I probably meant buckstopshere..that for Buckeyes, especacily olde Buckeyes like me, to expect the "Woody" type off tackle back to be featured and groomed as in the past, will not happen or be featured under Meyer. We will probably get some of it, but thsoe days are gone. They are gone becasue the whole offense was built around the big back, and moving the ball down the field, even when the opposition knew he was going to carry the ball and could not really stop it.
your right shere. BigJimmie was saying the old traditional style. But I do agree that these spread offenses seem like they are just speed and space, but if you break down the tape, they run inside the tackles just as much as the speed outside the line.
In America - they say most people don't like change. Well true or not true, there comes a time where it has to. Adapt is the key. If most of football is gearing towards the spread so be it. Just look at the history of football and that will tell you everything. Started with dives and off tackle plays, then came the wishbone and option formations. Then the pass started to creap in there. 49ers came up with the west coast offense system. Then it was the 50/50 slit (pro-style offense), now it's looking like we are moving to that spread formation.
I am defense 1st kind of guy, and am not happy the way NFL is catering to these offense, but I still love the sport. 1st it was BB, and the NBA lost me when they stoped playing team and defense basketball. Football is getting there, and so is hockey. I guess offense sells tickets, and it's all about money.
If indeed the power game is to take a backseat it will be a bitter pill, but I'm sure they said the same thing at the advent of the forward pass. Improvise and adapt.
Also I think too much is being made about the lack of a 1000 yd rusher under coach Meyer. I like to think of it as delegation of duties. Share the wealth so to speak.
Something to consider about the spread offense is that its a terrible offense to rely on in cold and wet weather that is typical of the B1G. Its also detrimental to the defense to practice against it everyday and then have to face powerful pro style offenses on Saturday.
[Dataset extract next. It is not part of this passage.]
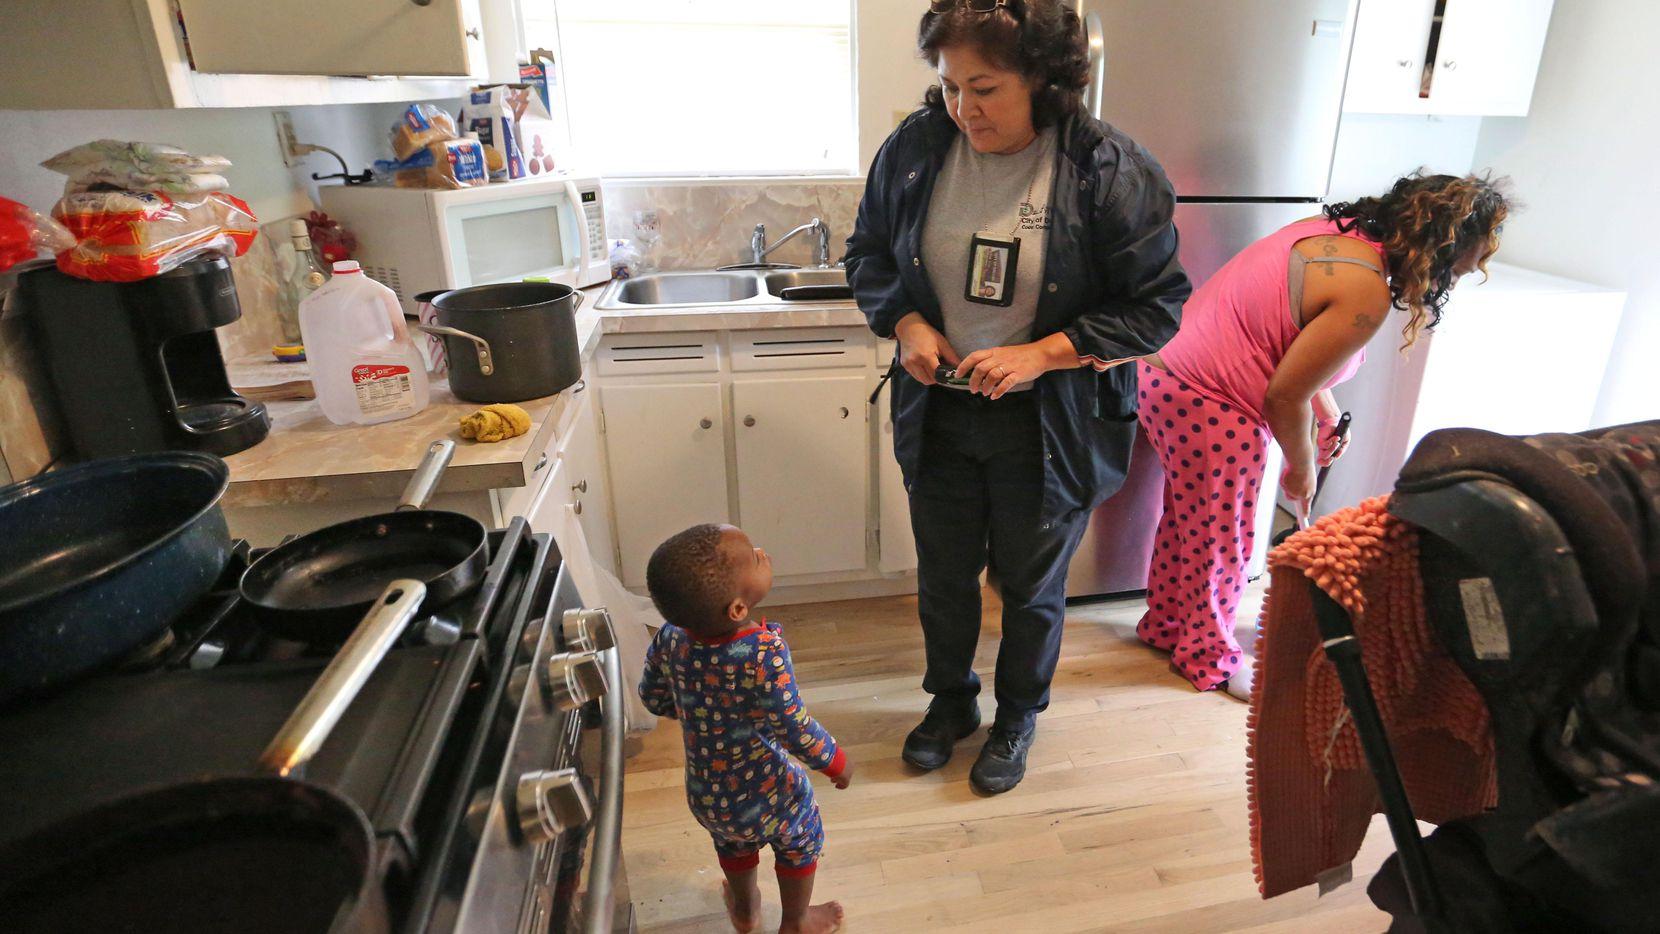 Diana Conde (centro) realiza una inspección en una casa en Hamilton Park, al norte de Dallas. Los caseros de propiedades baratas han logrado evadir el control municipal establecido hace un año. (DMN/LOUIS DeLUCA)

Im not saying it cant be done but its undeniable that most great spread offenses have horrible defenses and this is not a coincidence. Texas Tech, Oklahoma State, Baylor, Houston etc. This will be very interesting to watch and see how it plays out.
Isn't that the truth!
"Buckeye born and bred, a Buckeye 'til I'm dead"
There is no doubt that the spread offense works in good conditions, I never questioned that. The problem as I pointed out is when its 35 degrees out and wet or windy it can be challenging. As for the defense, there is a correlation between practicing against spread offenses and losing a certain physicality thats needed and I could list plenty of examples of high powered spread offenses with poor defenses. There may be an exception to that rule but there are not many.
Tell me who these perennial powers are that run a spread that have not had defensive problems then!
This post was edited by Braska11 2 years ago
The NFL just like every pro league has become more focused on money instead of the game. People buy tickets to see Payton Manning play, if he's injured ticket sales are down. There is good reason why QB's are highly protected, the bigger the asset the more rules are enforced. WR's are next in line with high protection, its just the nature of the money game.